AI models have made significant contributions to EEG-based authentication by effectively capturing complex patterns. However, the primary focus has been on improving model accuracy, typically neglecting the fairness of the developed methods. Evaluating and ensuring fairness in AI models for EEG-based authentication is crucial, as demographic biases, which can lead to unequal system performance and increase users’ exposure to security and privacy risks[20]. Gender, in particular, emerges as a critical factor, with evidence indicating that the underrepresentation of women during the development of AI models often leads to unintended biases[21]. This issue is particularly relevant in AI-based BCI systems using EEG, where biases in predictions are commonly reported[22]. Such biases negatively impact the usability and accessibility of these technologies, resulting in unfair AI models that fail to provide fairness systems to all users[23].

Building upon the direction and gaps mentioned above, the following are the key contributions of this research:

Development of the BioMEEG Framework: Biometric using microstates of EEG (Bio-MEEG) leverages EEG microstates[24] as a generalisable approach based on EEG microstates for user authentication using multiple datasets from different countries compatible with a variety of channels. It advances and personalises an authentication technique for NC and AD users.

Proposal of the EchoMC Network: Authenticating (classifying) participants’ EEG microstate patterns using ensemble learning with echo state network (ESN)[25], multi-head attention (MHA)[26] and one-dimensional convolutional neural network (1D-CNN)[27]. This component forms the core of the Bio-MEEG framework.

Fairness with Multiple Sensitive Attributes and Robustness Assessment: Analysing and evaluating the EchoMC network with comprehensive fairness considerations with combined sensitive attributes and robustness evaluation, ensuring a fair and reliable model for users following trustworthy/human-centric AI core values[28].

2. RELATED WORK

To begin with, Chen et al. proposed an EEG-based authentication framework utilising ERP responses evoked by a rapid serial visual presentation (RSVP) paradigm[29]. Twenty-nine participants were involved, and their brain activity was recorded using 28 and 16 wet EEG electrodes, achieving single-trial classification accuracies of 87.8% ± 5.1% and 85.9% ± 5.0%, respectively. The system achieved an accuracy of 78.2% ± 5.7% using dry channels. Wu et al. implemented an EEG authentication system where participants focused on RSVP stimuli featuring faces[30]. The system recorded EEG attributes for login authentication and achieved a mean accuracy of 91.61% with data collected from 45 participants using 16 wet active channels. Meanwhile, Mu et al. introduced an authentication paradigm that differentiates between self-photos and non-self-photos[31]. The approach featured key innovations, including reducing display time, using fuzzy entropy (FE) for feature extraction instead of traditional temporal features, and adopting Back Propagation for classification, replacing the Gaussian support vector machine. This method, tested with data from 10 participants using two channels, achieved a classification accuracy of 87.3%. Another study by Wu et al. introduced an EEG authentication system incorporating eye-blinking signals[32]. This method integrates EEG and eye-blinking features via a self/non-self-face RSVP paradigm, extracts event-related potential (ERP) and morphological features, and employs convolutional neural network (CNN), Back Propagation, and least-squares fusion for score estimation, achieving 97.6% accuracy with data from 40 participants and 16 channels. Thomas and Vinod investigated EEG-based authentication using the PhysioNet database[33]. By focusing on gamma-band features and using power spectral density (PSD)-based feature extraction combined with Mahalanobis distance classification, they achieved a 90% accuracy rate using 19 EEG channels.

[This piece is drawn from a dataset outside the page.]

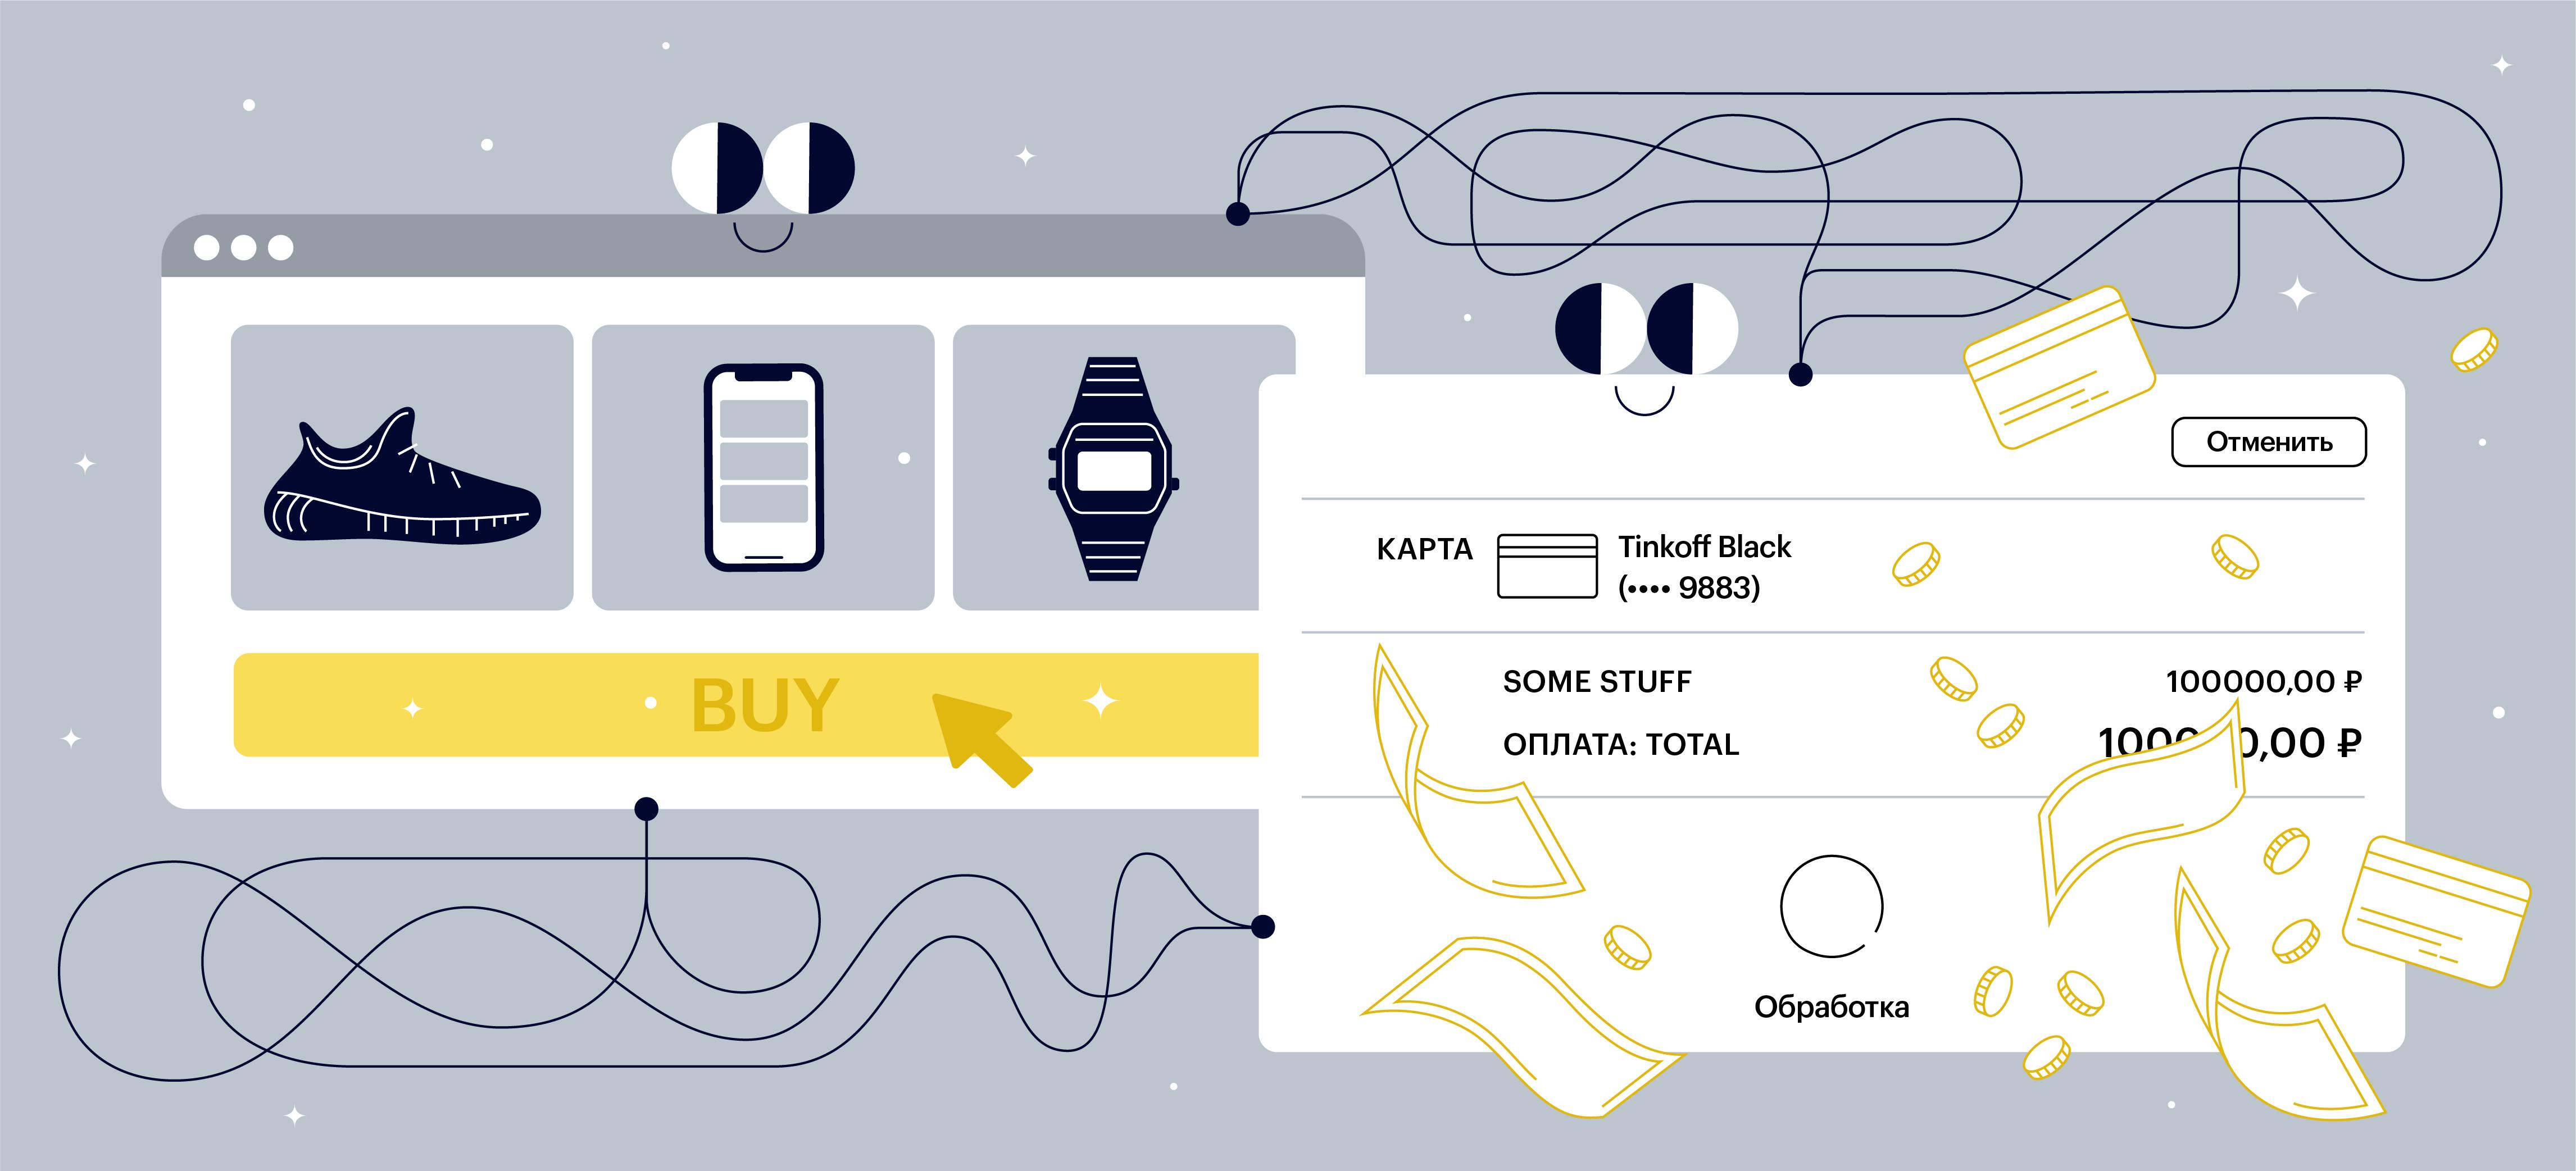 Декларативный шопинг в интернете с помощью Payment Request API и Angular - 1

Next, Kumar et al. developed a multimodal system integrating EEG signals and dynamic signatures for mobile authentication[34]. The study involved 58 participants and 14 channels, employing a bidirectional long short-term memory neural network (BLSTM-NN) for classification and achieving an accuracy of 97.57%. Zeynali and Seyedarabi examined the use of a single-channel brainwave authentication system[35]. Using a discrete Fourier transform (DFT) and classification techniques such as SVM, Bayesian networks, and neural networks, their method achieved accuracies of 84.49%, 85.97%, and 92.89%, respectively, across 7 participants with 6 channels. Seha and Hatzinakos proposed a recognition approach based on steady-state auditory evoked potentials (AEPs)[36]. With 40 participants and 7 channels, the system achieved 96.46% accuracy by utilising canonical correlation analysis (CCA) for feature extraction and linear discriminant analysis (LDA) for classification. Rathi et al. developed an authentication system using a P300 speller paradigm[37]. This method, involving 10 participants and 10 channels, recorded an accuracy of 97%. Białas et al. presented a multifactor authentication system leveraging EEG signals[8]. Their system utilised AR for feature extraction and a fast forest classifier for classification, achieving an accuracy of 83.33%. Yap et al. evaluated transfer learning models for EEG authentication[38]. Using a dataset of 30 participants with 12 channels, the system achieved an accuracy range of 99.1%-99.9%. Similarly, Alsumari et al. proposed a deep CNN model for EEG-based authentication. With data from 30 to 109 participants using 1 to 64 channels, the method achieved a 99% accuracy, demonstrating its potential for real-world applications[39].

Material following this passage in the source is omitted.